GIVEN DATA =>
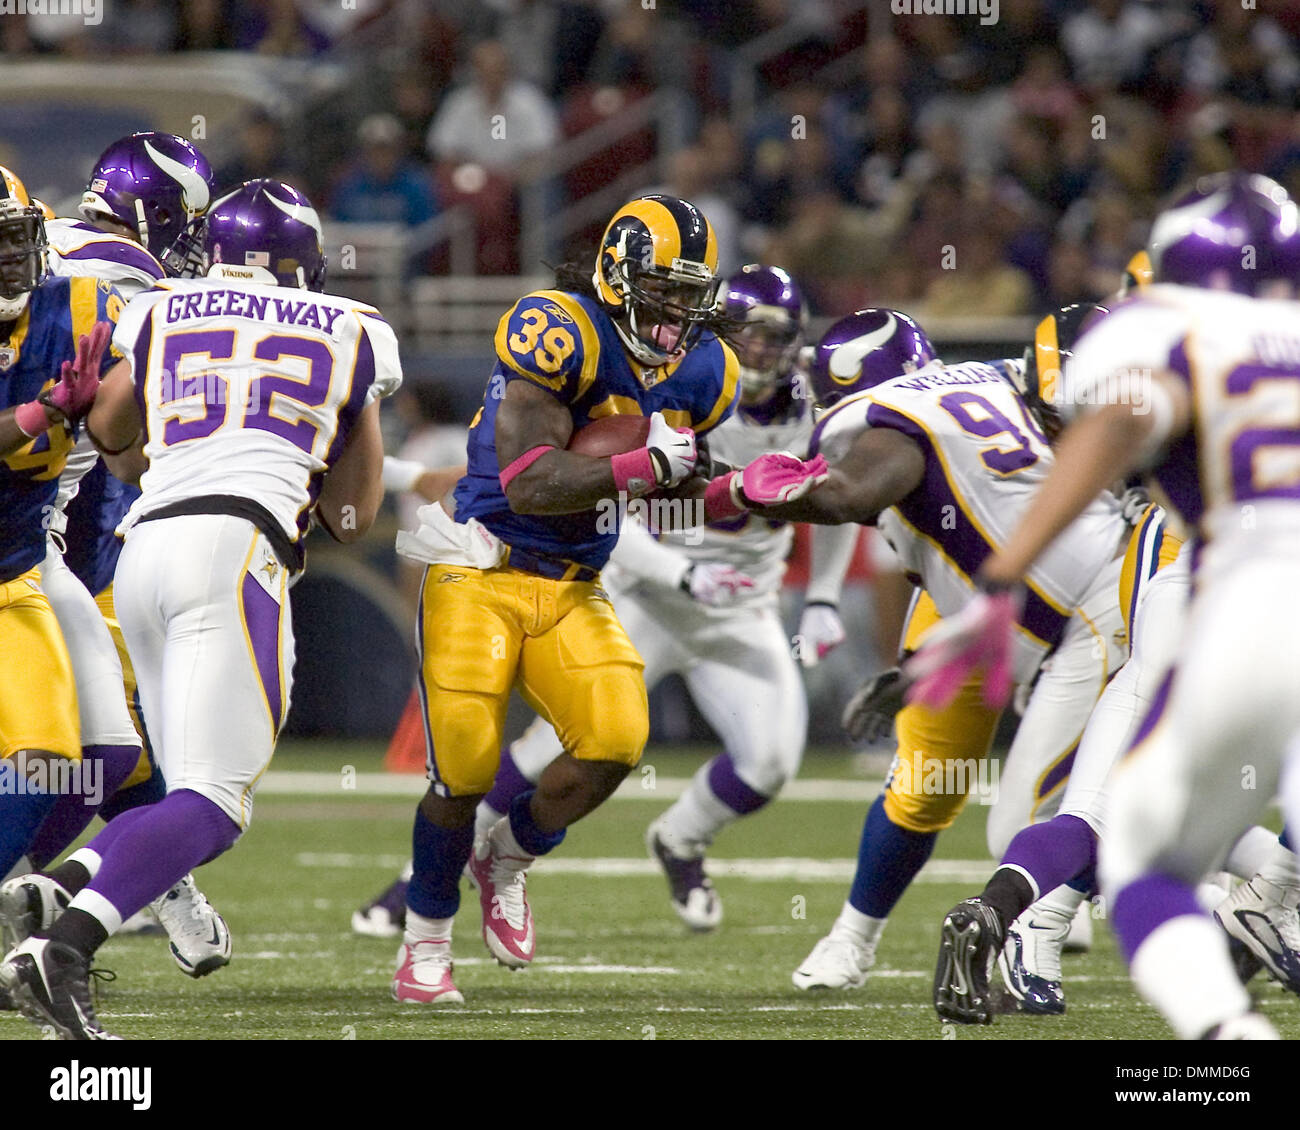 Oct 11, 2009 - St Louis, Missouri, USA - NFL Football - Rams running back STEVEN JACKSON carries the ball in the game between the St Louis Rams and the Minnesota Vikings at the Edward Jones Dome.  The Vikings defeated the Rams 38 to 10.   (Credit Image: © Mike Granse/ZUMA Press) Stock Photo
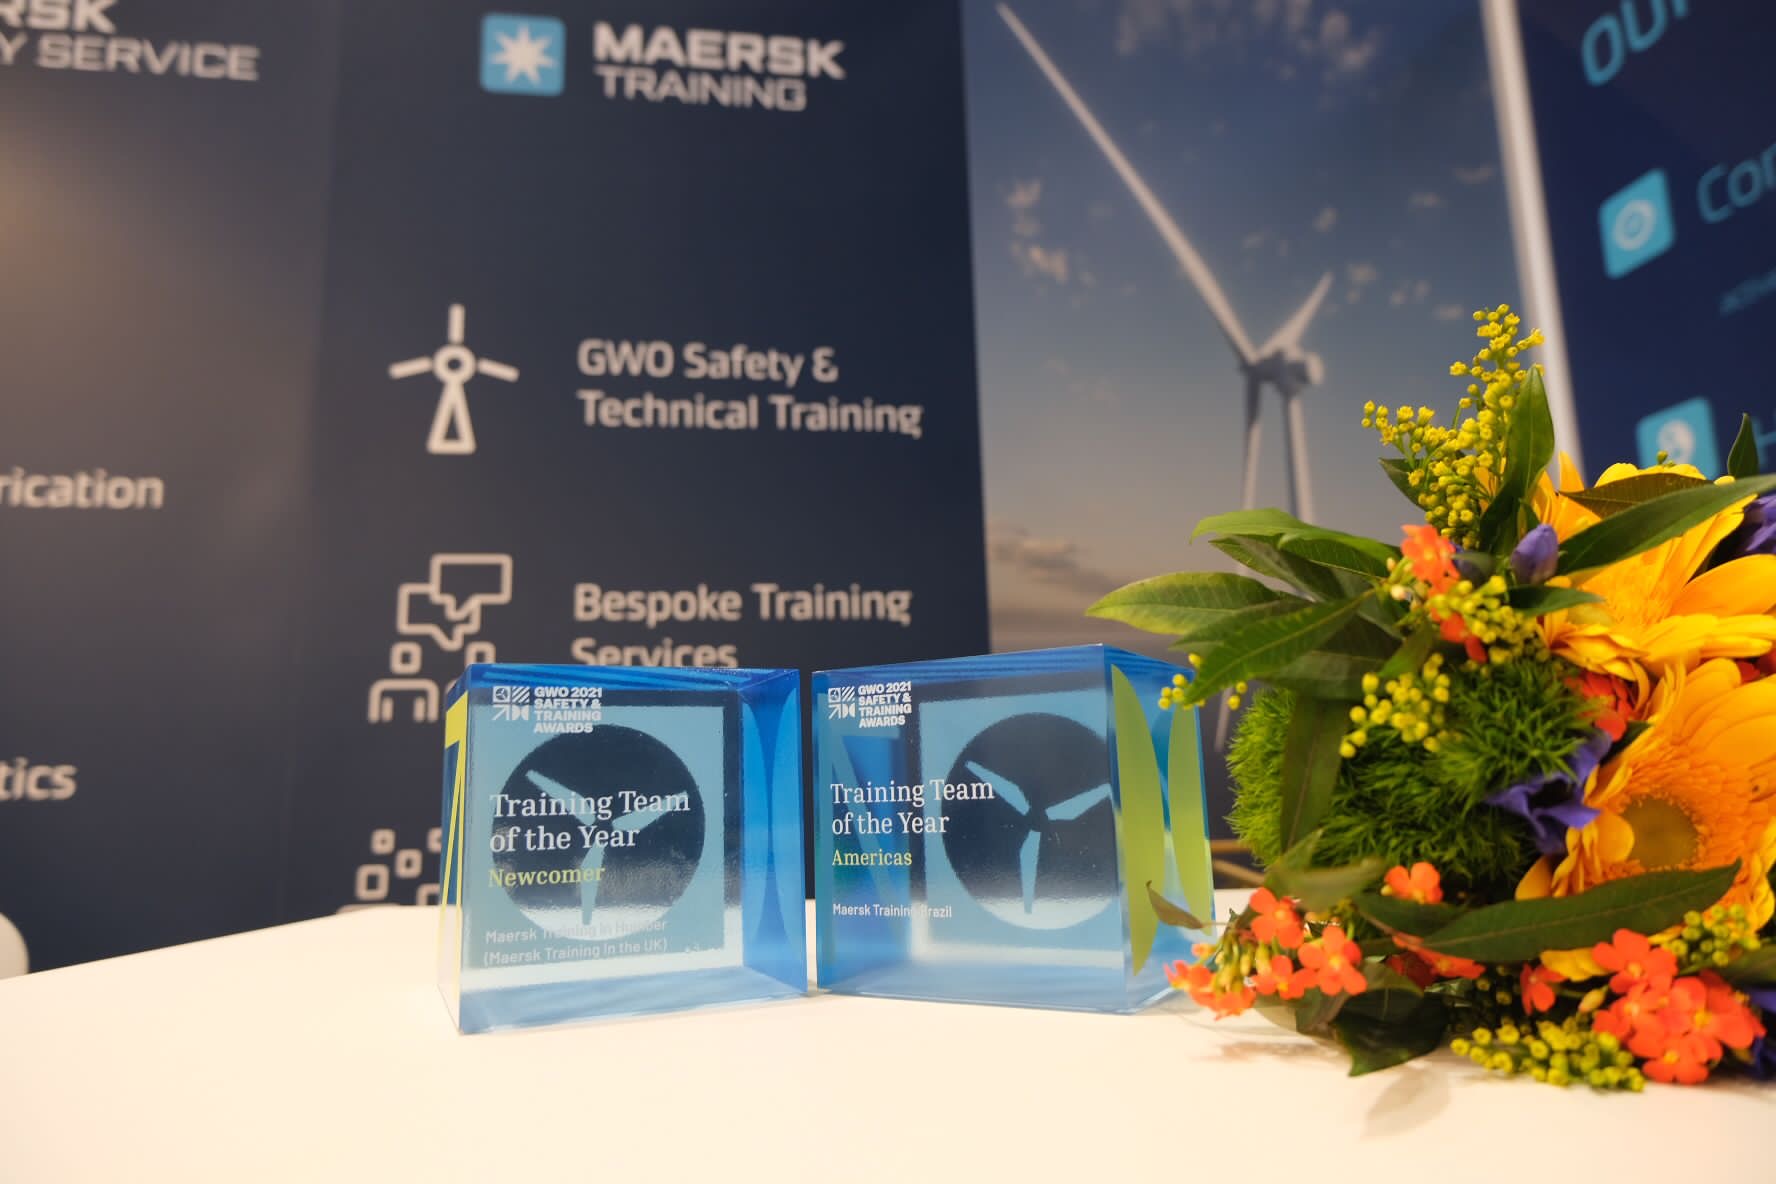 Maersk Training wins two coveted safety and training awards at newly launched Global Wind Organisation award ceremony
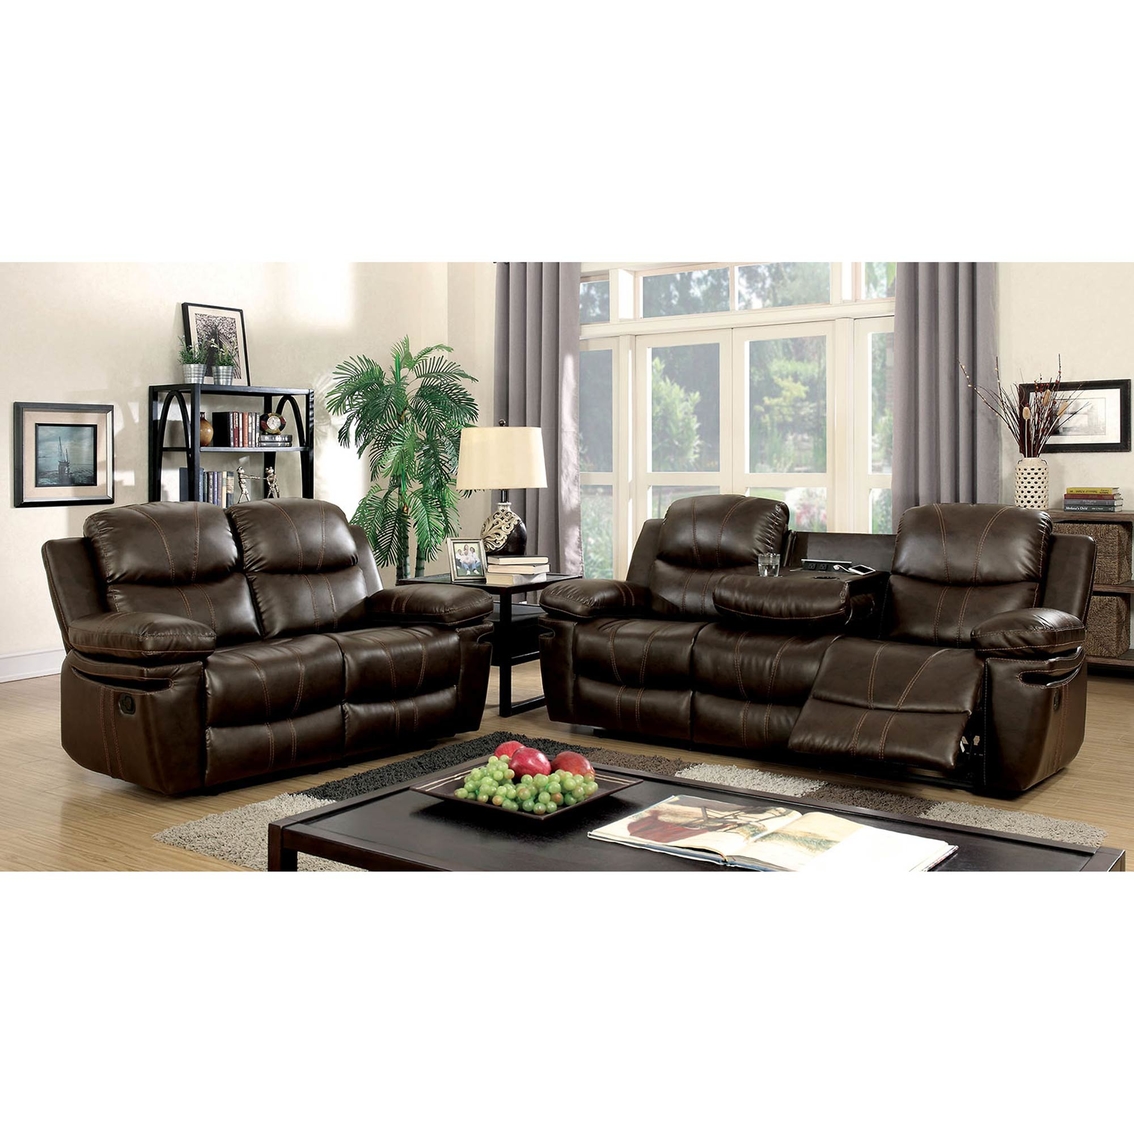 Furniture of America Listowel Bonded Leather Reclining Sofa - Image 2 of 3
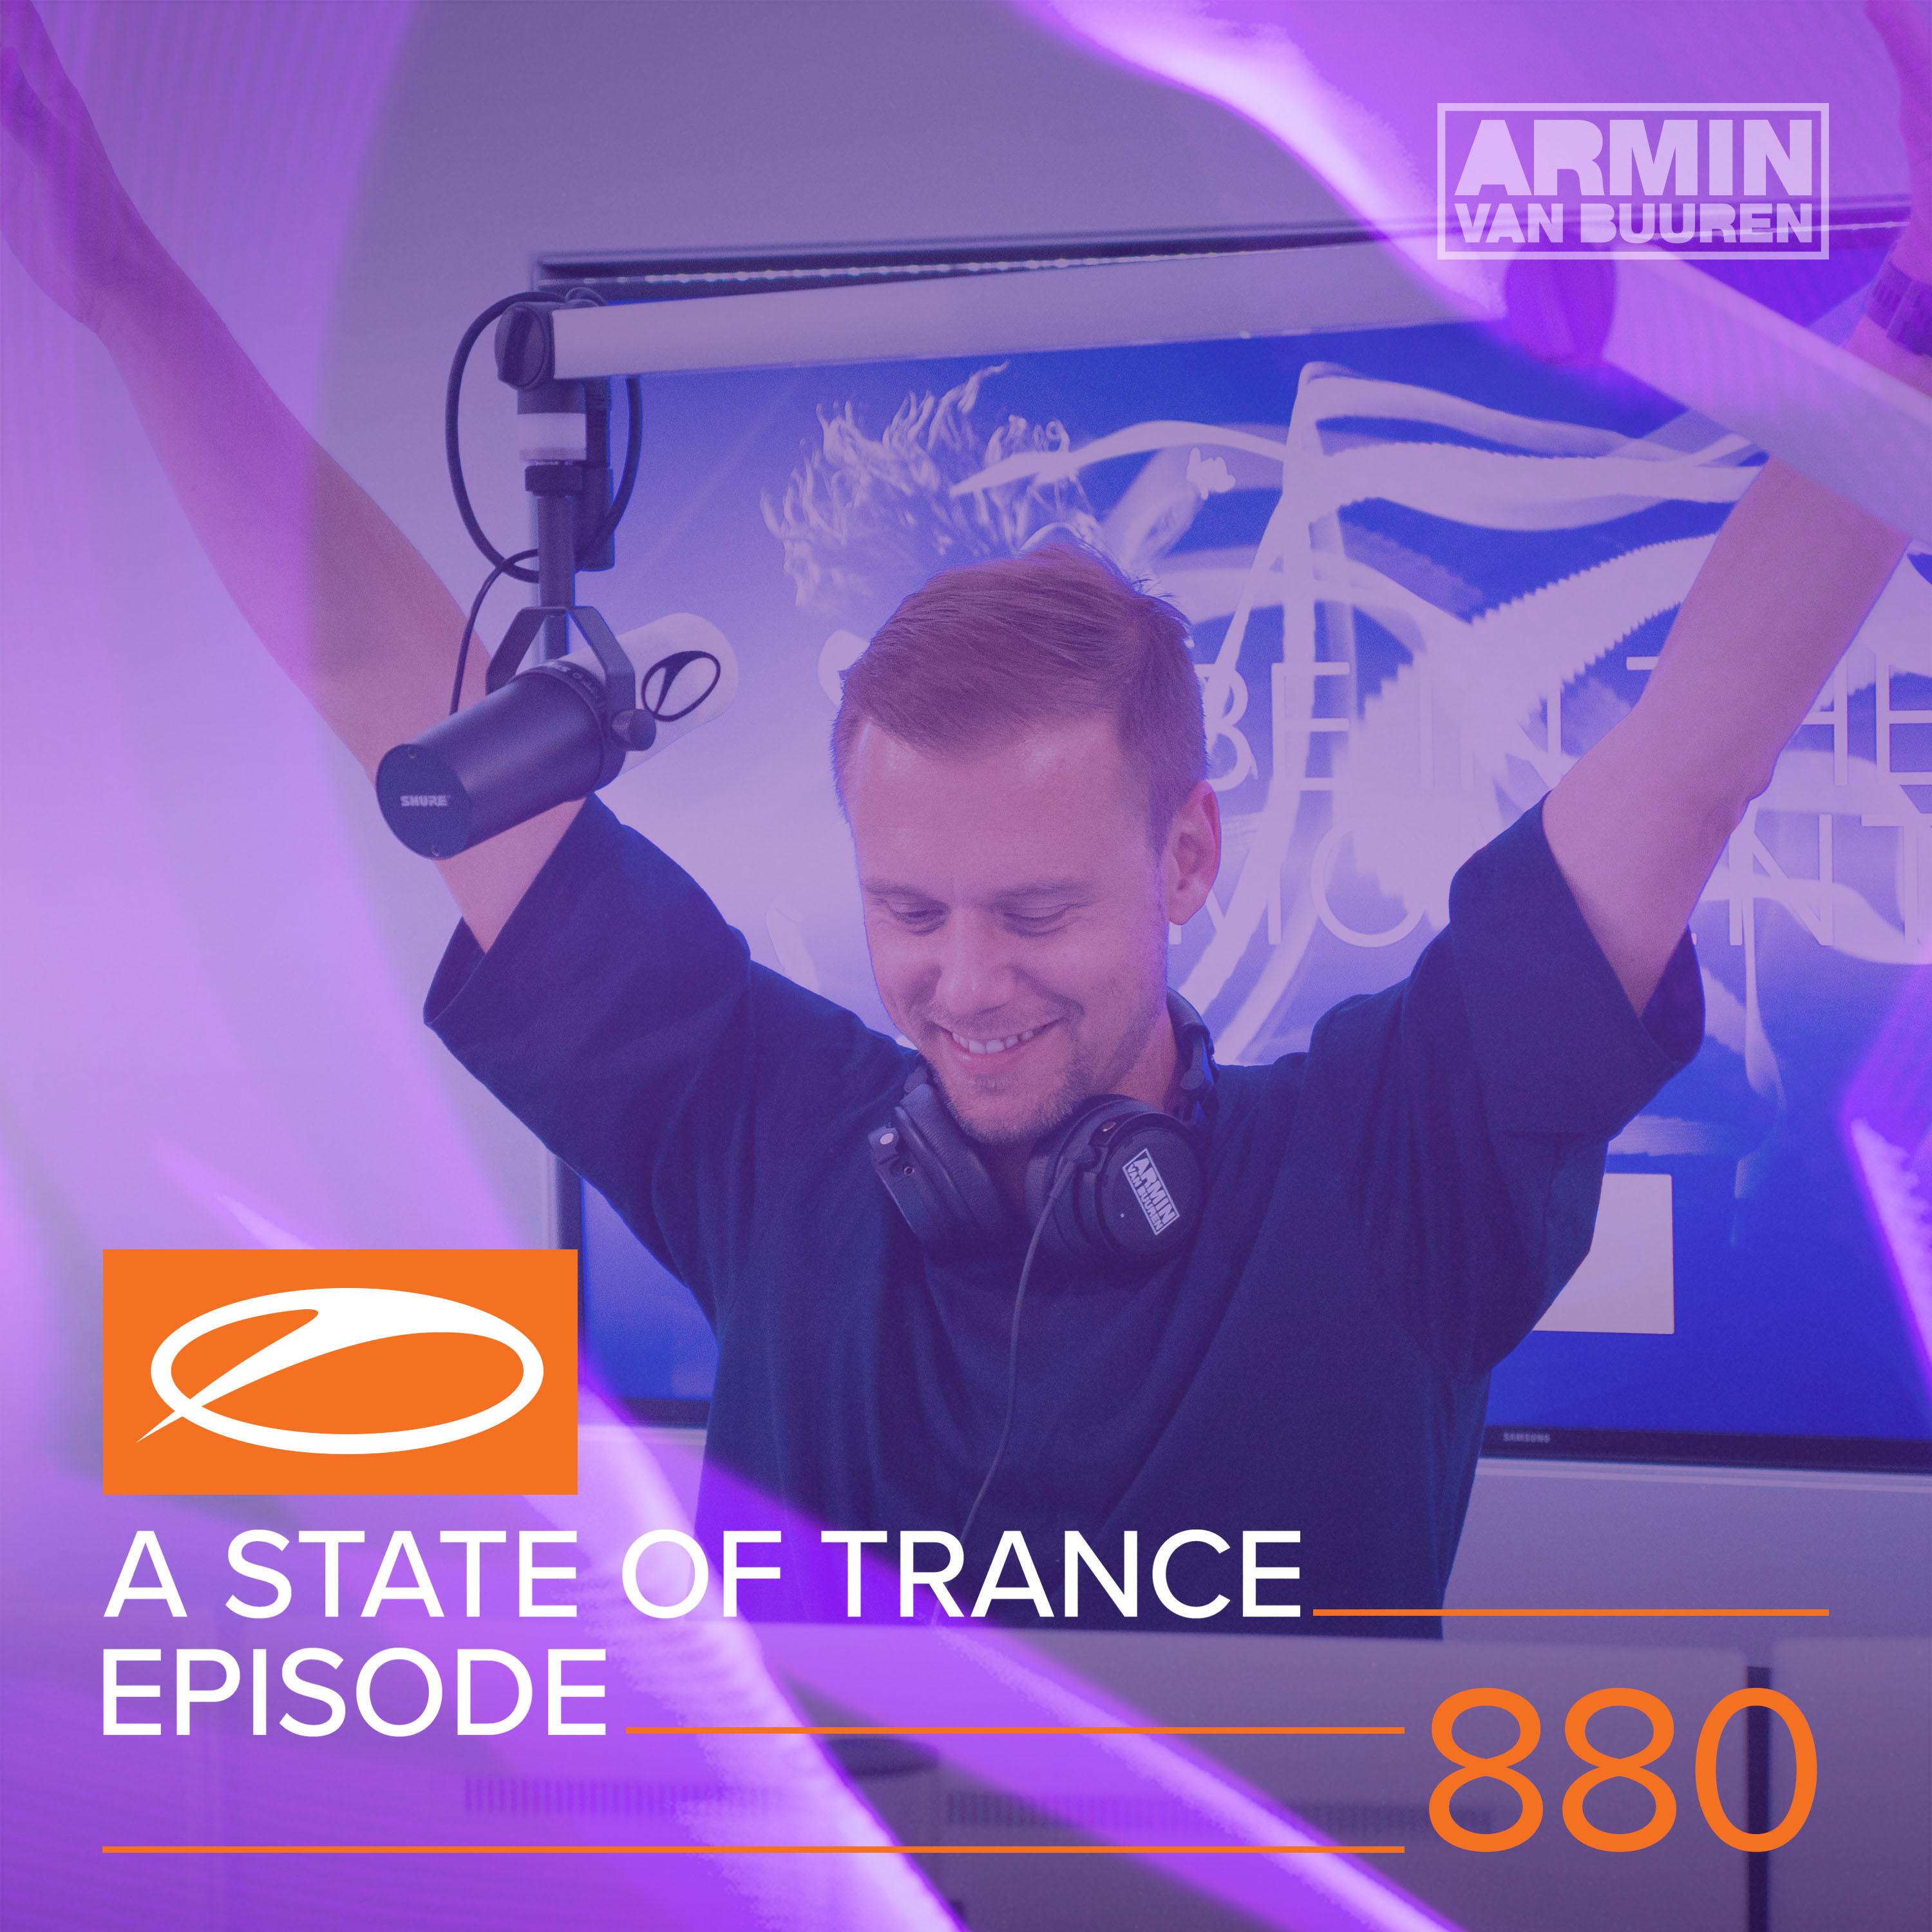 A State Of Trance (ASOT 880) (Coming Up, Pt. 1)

PROBLEM DESCRIPTION => An exact copy of the listing is required, with every image removed.

RESPONSE =>
 Oct 11, 2009 - St Louis, Missouri, USA - NFL Football - Rams running back STEVEN JACKSON carries the ball in the game between the St Louis Rams and the Minnesota Vikings at the Edward Jones Dome.  The Vikings defeated the Rams 38 to 10.   (Credit Image: © Mike Granse/ZUMA Press) Stock Photo
 Maersk Training wins two coveted safety and training awards at newly launched Global Wind Organisation award ceremony
 Furniture of America Listowel Bonded Leather Reclining Sofa - Image 2 of 3
 A State Of Trance (ASOT 880) (Coming Up, Pt. 1)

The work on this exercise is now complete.